It’s a bright Sunday in 1949 and you’re on the beach at Hermosa. The sun is shining. The sea is sparkling. There are swim caps, and umbrellas, and far less exposed flesh than you see on the beach today. And there is jazz, bebop jazz, and it’s alluring, it’s swinging, it’s bopping, and you follow it up to Pier Ave and into a place called The Lighthouse Café. And half-hour later you’re deep into a cocktail and toe-tapping joyously to The Lighthouse All-Stars.
That’s how it went for many folks in Los Angeles at this time. West Coast jazz happened long before this. Pre-World War II its nucleus was Central Avenue. “Just going there and listening to great musicians do their thing—it was a post-graduate education in jazz,” writes Robert Gordon in “Jazz West Coast.” But the Central Avenue scene lost its verve in the post-war years. West Coast jazz did not die, but it faded.
Enter bassist/band leader Howard Rumsey. In early 1949 he waltzes into The Lighthouse Café on Pier Avenue in Hermosa Beach. These were the bebop days of Charlie Parker and Dizzy Gillespie. Rumsey pitched his dream to the owner, John Levine: Live jazz on Sundays. Long, improvisational sets that will be as much for the musicians as the audience. No cover charge. No drink minimum. Just think of all those folks coming off the beach looking for a place to hang!
Levine said yes—albeit on a trial basis. They set the opening for May 29, 1949. Rumsey gathered his jazz-playing musician friends. They jammed. They crushed it. So began the first of many epic Sundays. Soon The Lighthouse became LA’s jazz epicenter.
In the early ‘50s The Lighthouse Jazz All-Stars were formed, with regulars Howard Rumsey, Bob Cooper, Conte Candoli, and Stan Levey, and guest musicians like Max Roach, Miles Davis, Chet Baker, and Gerry Mulligan, Shorty Rogers, Bud Shank, and many more.

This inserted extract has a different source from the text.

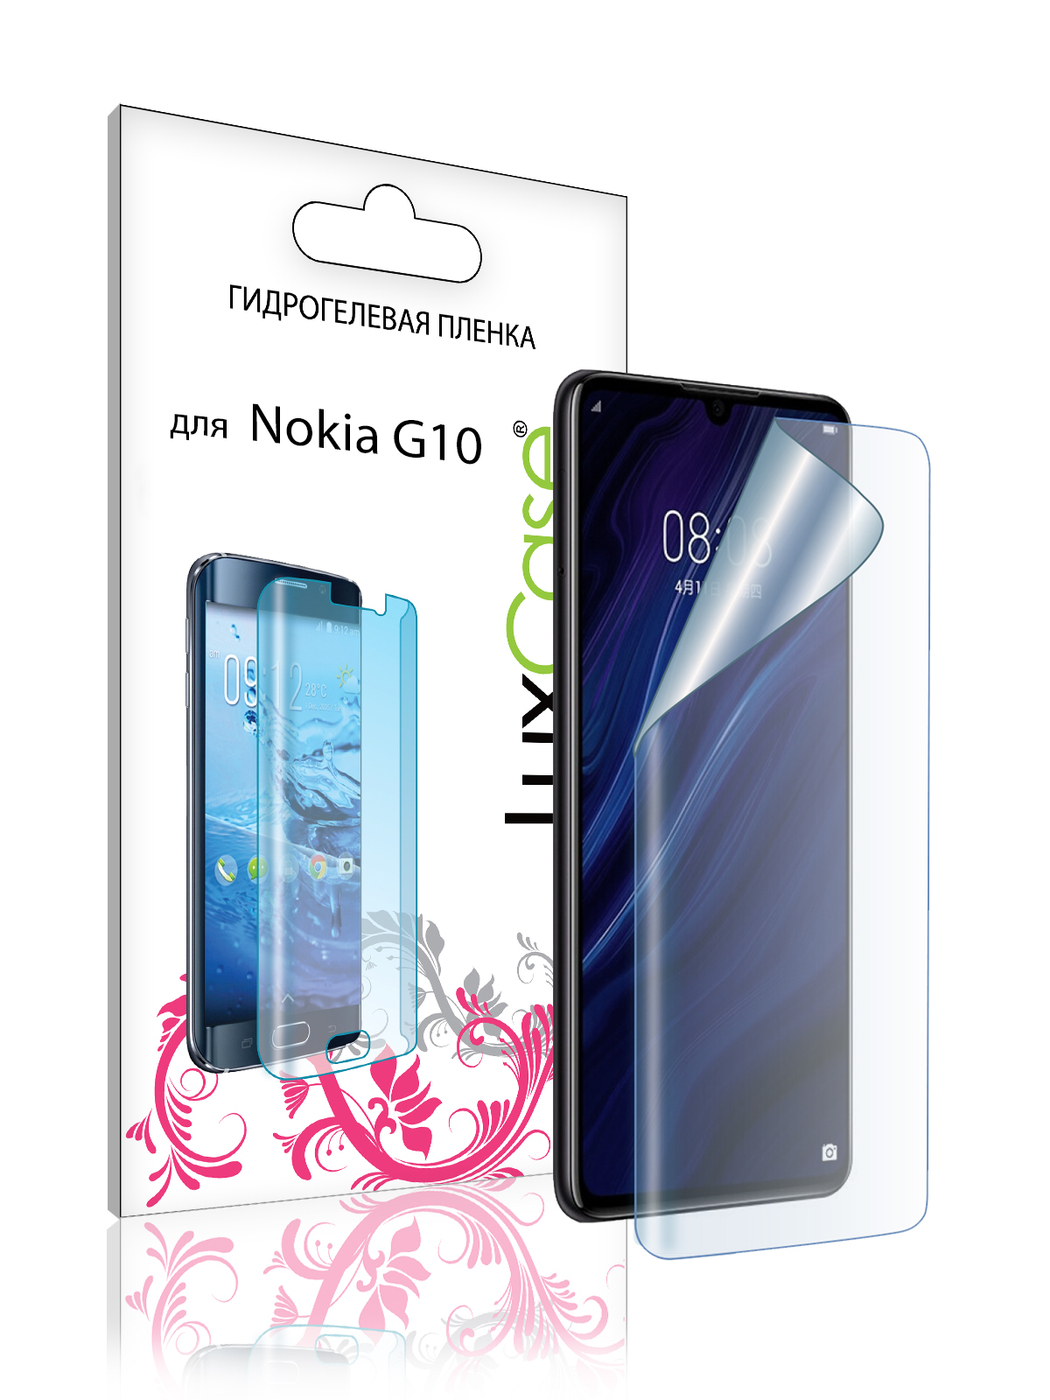 Пленка гидрогелевая LuxCase для Nokia G20 Front Transparent 86392 пленка гидрогелевая luxcase для nokia g20 front and back transparent 86394

“West Coast jazz.” According to the documentary “Jazz on the West Coast: The Lighthouse,” it was a moniker mostly invented by the media and jazz critics. The musicians paid little attention to it—they just wanted to play. But the West Coast sound was different—in texture, instrumentation, and temperature. And the aesthetic was overtly different. East Coast jazz was typically shown in low-lit clubs, with shadows and cigarette smoke. West Coast jazz was sunny and beachy. Witness Chet Baker playing his trumpet on the shoreline, waves licking his bare feet. Or the cover of “Jazz West Coast Vol. 3” shot by William Claxton.
The Lighthouse became a hangout for Hollywood royalty. Jazz DJ Sleepy Stein broadcasted his KNOB, the world’s first all-jazz radio station, from the club. The Lighthouse Jazz All-Stars would go on to score and soundtrack many films. The Lighthouse held a collegiate competition—rewarding and ushering in the next generation of great jazz musicians. A lot of great stuff happened in the wee hours—as the musicians from this period can attest.
My favorite story is this one. At the height of The Lighthouse’s popularity there were complaints from Hermosa residents that the jazz was playing too loud and too late. The City Council brought in John Levine, and proposed that he put a midnight cutoff time on the music. Not far from The Lighthouse was an aquarium with seals that would bark all night long. Levine said that if the City Council could get the seals to stop barking at midnight, he’d get his musicians to follow suit.
The seals kept barking. The music kept playing.